Happy Friday and welcome to today's edition of The Spin. Once again, retail accounts for the bulk of the headlines. There are more outlet malls in Europe than ever before – and more are coming. Bloomingdale's is starting a new rental service, Debenhams is getting a new CEO and Nordstrom has fixed its salary imbalances. Meanwhile, Mango and Farfetch remain in the red. I hope the read is informative – and your weekend super fun! Best, Christopher


Outlets are in. Outlet centers in Europe now cover more than 3 million sq. meters of space, a new record, according to a recently released research by ecostra GmbH. There are now 181 such centers there and six new ones opened in the last year alone. And the outlet building boom is set to continue with an additional 46 being planned or already under construction. In Germany, outlet market share is expected to more than double (paywall; translated by Google) from 2.3 percent to 5 percent in the coming years.


Bloomingdale's new biz. Bloomingdale's has become the first major US department store to hop on the bandwagon and launch a clothing rental subscription service. Next month it will start offering (paywall) "My List at Bloomingdale's" for $149 per month. Each month subscribers will will receive four women's items from a selection of more than 60 brands and a new assortment of four more once the box's contents are returned.

Still in debt. Mango, which has just entered the Canadian market as part of its foreign expansion, released its annual earnings report (paywall; translated by Google) yesterday. Its EBITA was up 17 percent to €35 million and sales rose nearly 2 percent to €2.2 billion. However it still owes €315 million in debt as part of a refinancing agreement it signed last year.

Equal pay. After a careful review of its payroll, Nordstrom has announced that it has achieved pay equity for all of its employees across all genders and races, or that it pays equal pay for equal work. The store also said that it is nearing pay parity, or 100 percent equal gender representation, in all of its segments and levels. Its chief human resources officer noted that "equality and diversity make us all stronger."

Delivery divorce. Amazon building its own delivery service has cost it a business partner. FedEx announced on Wednesday that it will not renew its ground delivery contract with the online giant at the end of the month. The news comes two months after FedEx dropped Amazon from its air cargo services.


Duddy departs.
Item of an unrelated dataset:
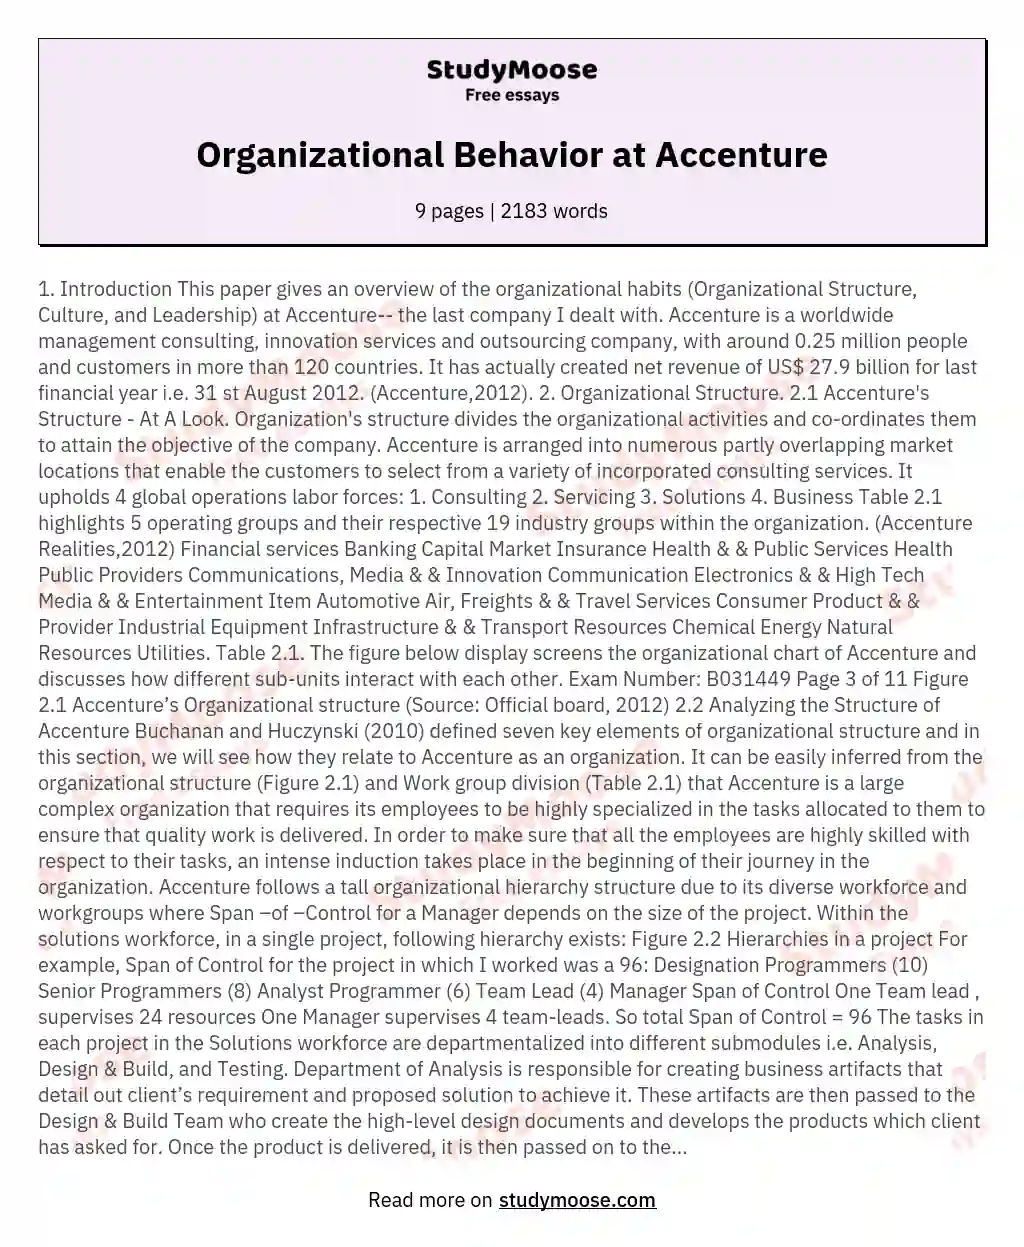 Organizational Behavior at Accenture essay

Troubled high street retailer Debenhams is getting a new CEO. Executive chairman Terry Duddy, who came aboard last year, will leave next month and is being replaced by Stefaan Vansteenkiste, a turnaround specialist who was named chief restructuring officer in April. The board made the appointment in the hopes that the new chief can navigate the chain through the crucial holiday selling season. Debenhams plans to close 50 of its 166 stores starting early next year.


China syndrome. Adidas released its Q2 earnings report yesterday and though the numbers were positive CEO Kasper Rorsted noted that if a currency war erupts between the US and China that it will negatively affect the brand's business as its revenue from China was up 14 percent compared to the same period last year. Overall profits were up 34 percent to €531 million and revenue rose nearly 5 percent to €5.5 billion.

New Guards' new owner. Milan-based New Guards Group, the parent company of brands such as Off-White, Palm Angels and Heron Preston, has been acquired for $675 million by Farfetch. The two companies' combined resources plan to create so-called "brands of the future" and further develop New Guards Group's current portfolio. And while it's an impressive purchase it did not impress Farfetch's investors who saw the company's stock price plunge almost 30 percent yesterday in the wake of the announcement and the news of a Q2 net loss of $89.6 million.